While we commend the City for all its continued efforts in supporting young people with disabilities and their families at school and within their home communities, we also testify today to urge the Council to specifically maintain funding for the Autism Awareness Initiative. Families with children on the autism spectrum continue to and will always struggle with obtaining adequate public and private support and services for their children to safely live at home while also making educational and developmental progress.

This funding provides community-based organizations such as INCLUDEnyc the ability to support and connect children and families in critical need to behavioral, medical, therapeutic, social, and academic support and services. It also provides families with information, tools, and strategies to cope with caring for their loved ones with autism. Equally as valuable is this funding provides a community for individuals and families who far too often are excluded and historically have been underserved.

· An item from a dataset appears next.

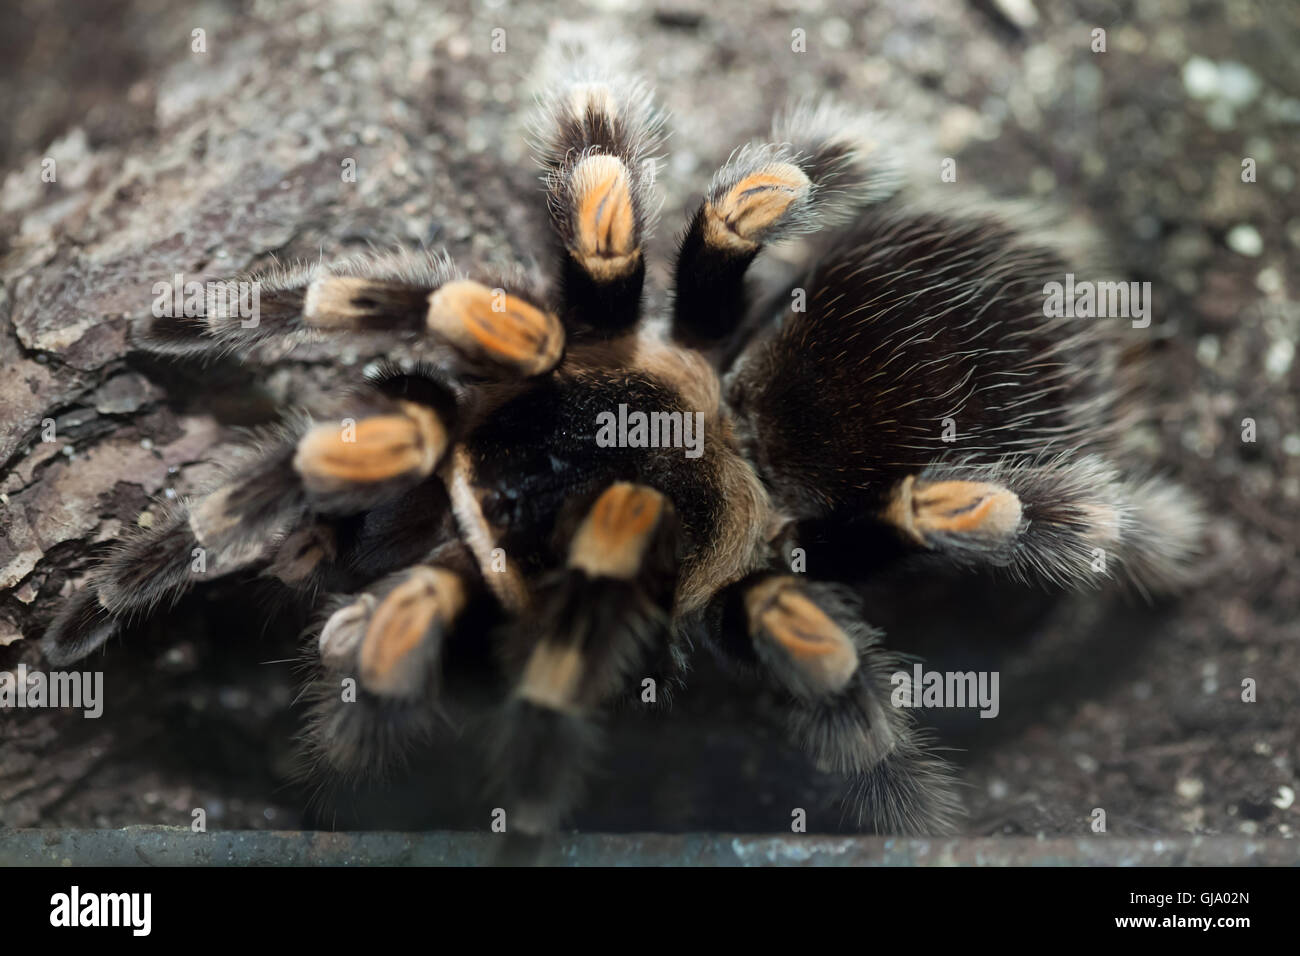 Mexican redknee tarantula (Brachypelma smithi). Stock Photo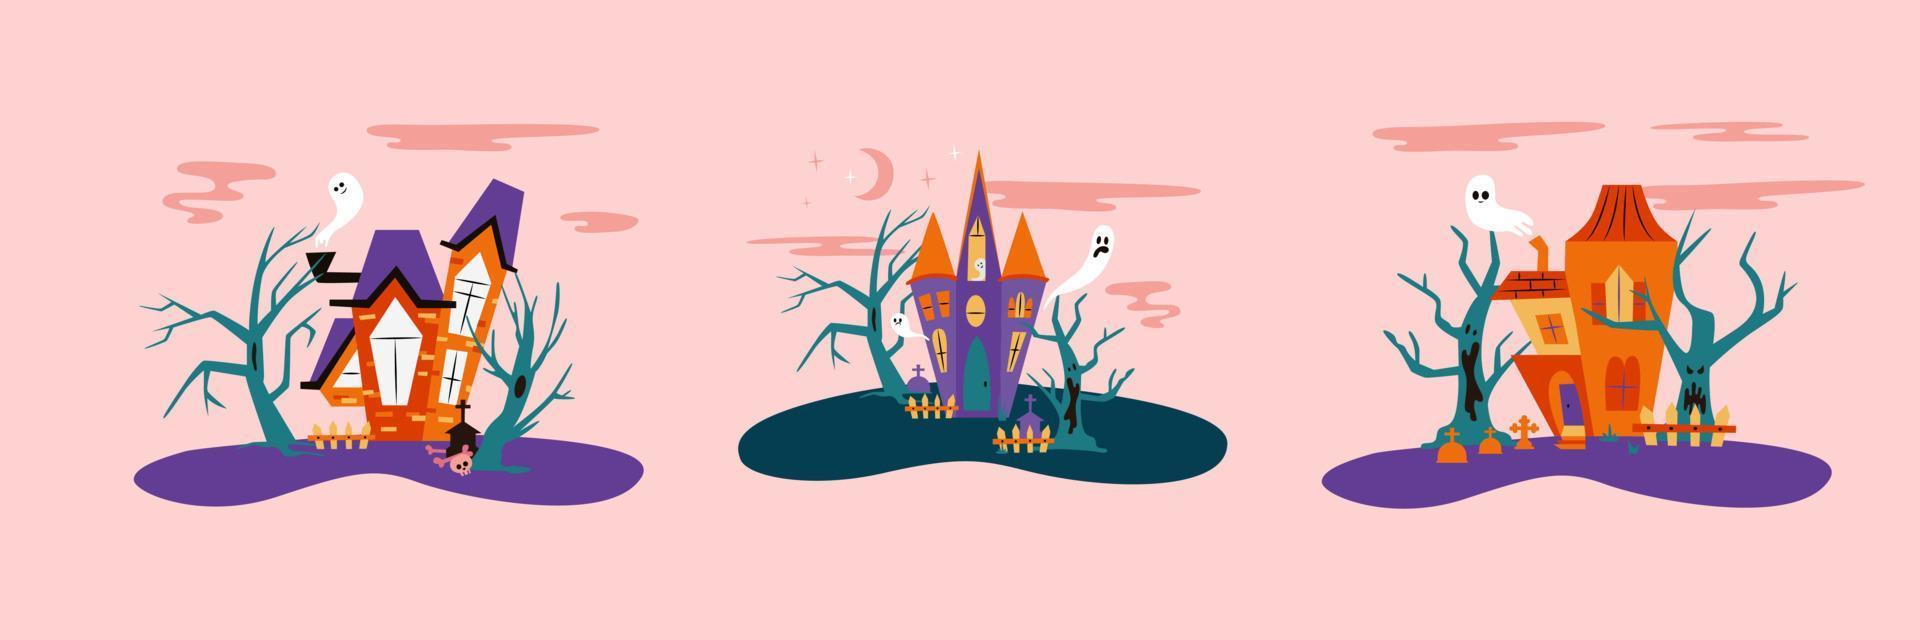 les maisons chassées d'halloween définissent une illustration vectorielle avec des arbres effrayants et des fantômes. collection de maisons effrayantes vecteur

There are tens of thousands of children on the autism spectrum living in New York City under the age of 21. According to the most recent Special Education reports from New York City Public Schools (NYCPS) Special Education Reports to the City Council as per Local Law 27, there are 30,000 children with autism between the ages of 3-21 receiving special education services. There are thousands of babies and toddlers under the age of three who are already known to be on the spectrum and thousands more babies and toddlers who are either waiting to be evaluated and diagnosed or classified with autism. 

Within the last year at INCLUDEnyc, we had a 15% increase in the number of total calls we received from families with a loved one on the autism spectrum looking for information and help from us than 2022, and within the last two years, we had nearly twice the number of total related calls than we did before the pandemic. In 2023, our Help Line staff responded to more than 1400 requests related to autism, including direct calls from over 60 young people with autism themselves. We presented 30% more autism-related workshops last year than we did the year before with over 1300 attendees, including nearly 300 professionals and 200 young people with autism. In addition, 720 New Yorkers in person attended our annual event in the South Bronx last June, Outdoors for Autism. 

Through our work, we can help families with children with autism:

  • Navigate the Early Intervention process
  • Access child care and other forms of respite programs
  • Problem solve to access emergency behavior supports for their child and themselves
  • Advocate for their child’s educational rights and related special education services
  • Apply for home and community-based services through NY State’s Office for People with Developmental Disabilities
  • Identify non-education in-person activities such as after-school, weekend and school vacation and holiday programs, summer camps, socialization groups, parent support groups
  • Connect to mental health resources 
  • Establish eligibility for public benefits such as SSI 
  • Prepare for life after high school, including college, employment, adult services, and residential programs
  • Guardianship

We urge you to fully fund the Autism Awareness Initiative at $3.3 million. Without this funding, there are no other publicly funded programs where families can get this type of critical support. Thank you for taking the time today to consider this important matter. We look forward to partnering with you thereto improve equity and access for all young people with disabilities in New York City.